Analyse PDFs at scale with Amazon Textract — Part 1

Michael Ludvig
Photo by The New York Public Library on Unsplash

It’s a Tax time again here in New Zealand. When I was putting together the documents for my accountant last week, I wanted to export some account statements from my bank to CSV.

Surprisingly I realised that it could be done for most of my accounts except for one — the mortgage loan account. The bank helpline confirmed that CSV export is not possible, and the only option is to download the monthly statement PDFs and re-type them to Excel manually. Wait! What? Why? Come on! It works for all my other accounts, why not the for the mortgage one?!

The prospect of spending an hour copying and pasting numbers from PDFs to Excel made me think that there must be a better way!

Amazon Textract is a service that can extract text and layout information from images and PDFs. Not only it can extract the actual text like any other OCR tool. It also aims to understand the document layout — identify columns, forms and tables.

That’s promising, that’s what I need. Let’s run the account statement through Textract and see what comes out.

The easiest and cheapest operation is a simple Text Detection, similar to what any decent OCR or PDF-to-Text tool can do that.

Simple text detection

Where Amazon Textract excels and adds value is in understanding the document layout. Very often, PDF documents are structured in a certain way. For example, my bank statements show some information about the account owner, account number, statement period, and most importantly, the list of transactions.

Understanding the document layout, tables, forms, and so on, it’s called Document Analysis in Textract. Unfortunately, it is a bit more expensive than the simple Text Detection above, refer to the Textract pricing page for details.

The results of Document Analysis give us not only a list of detected words but more importantly, the relationship between them. Whether the information we need is in a Form, a Table or at a fixed Location on the page we can now retrieve it from the bank statement and process it all in a structured way.

Structured data extraction

The above image was created by manually uploading the PDF file to the Textract console — great for testing but not very scalable. Now that we have verified that Textract works for us, we can automate the process.

Pretty much everything in AWS has an API and Textract is no different. The two main API calls are for text detection and for document layout analysis, each in a synchronous and asynchronous version.

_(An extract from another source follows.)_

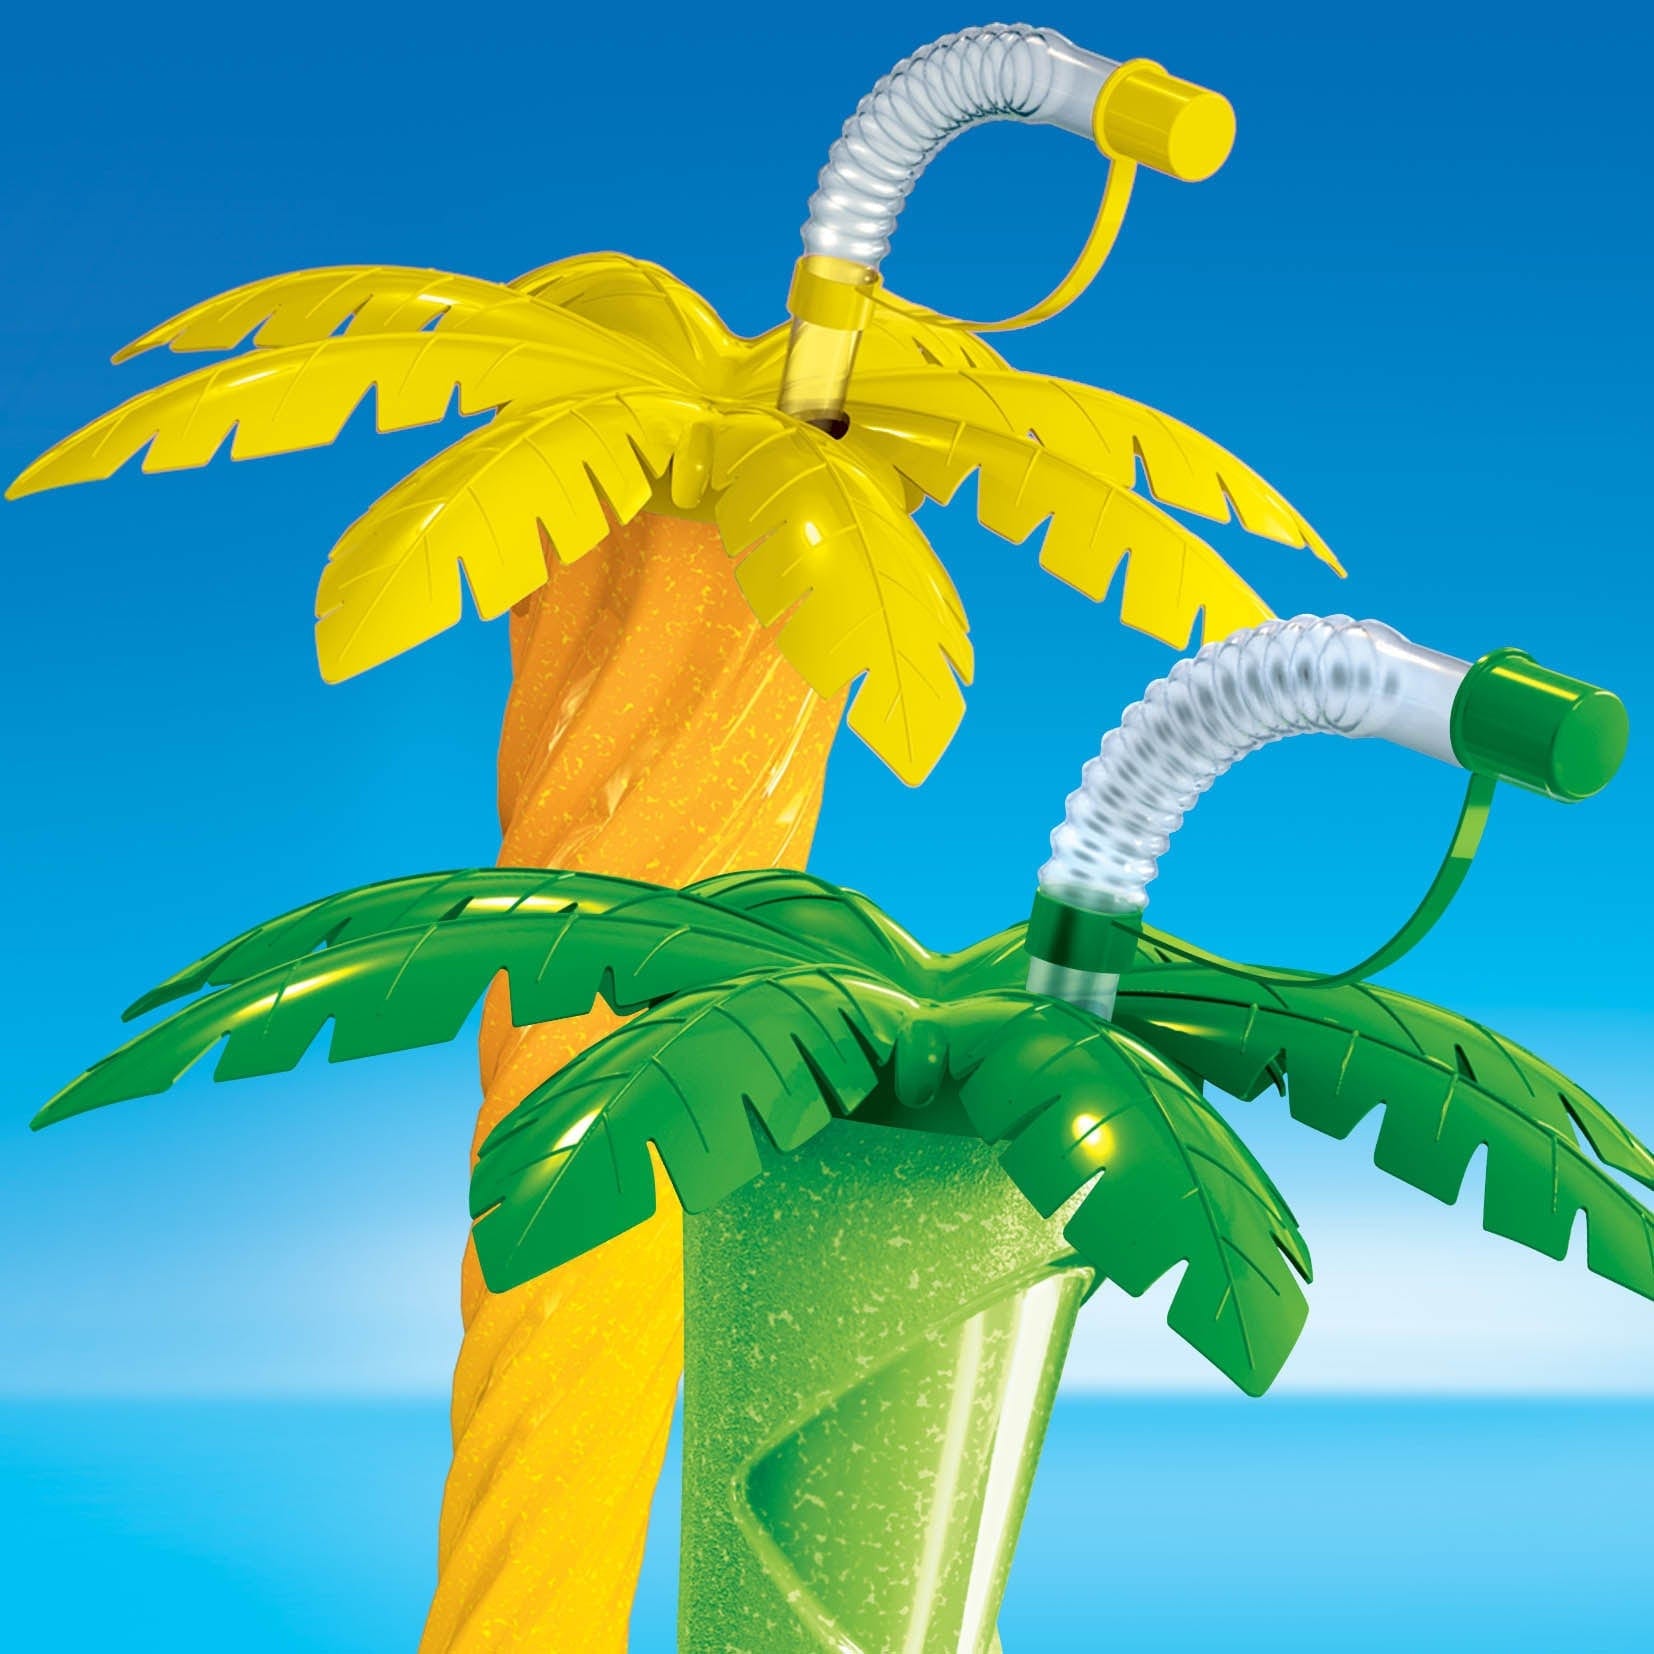 Sweet World USA Yard Cups Palm Cup Palm Tree Luau Yard Cups (108 cups) - for Margaritas, Cold Drinks, Frozen Drinks, Kids Parties - 14 oz. (400 ml) - Yellow cups with lids and straws

Because we are analysing PDF files we must use the asynchronous calls: StartDocumentAnalysis() and GetDocumentAnalysis() that read the files from an S3 bucket. If we were processing JPEG and PNG images we could use the synchronous AnalyzeDocument() call that can be called with the image data directly. Unfortunately, it doesn’t work with PDF files at the moment due to the limitation of the service.

Since we have to upload the files to S3 anyway we can just as well create some automation that will kick off the analysis as soon as a new PDF is uploaded. A good option is a Step Function State Machine triggered by S3 PutObject events — it will help us orchestrate the asynchronous Textract calls.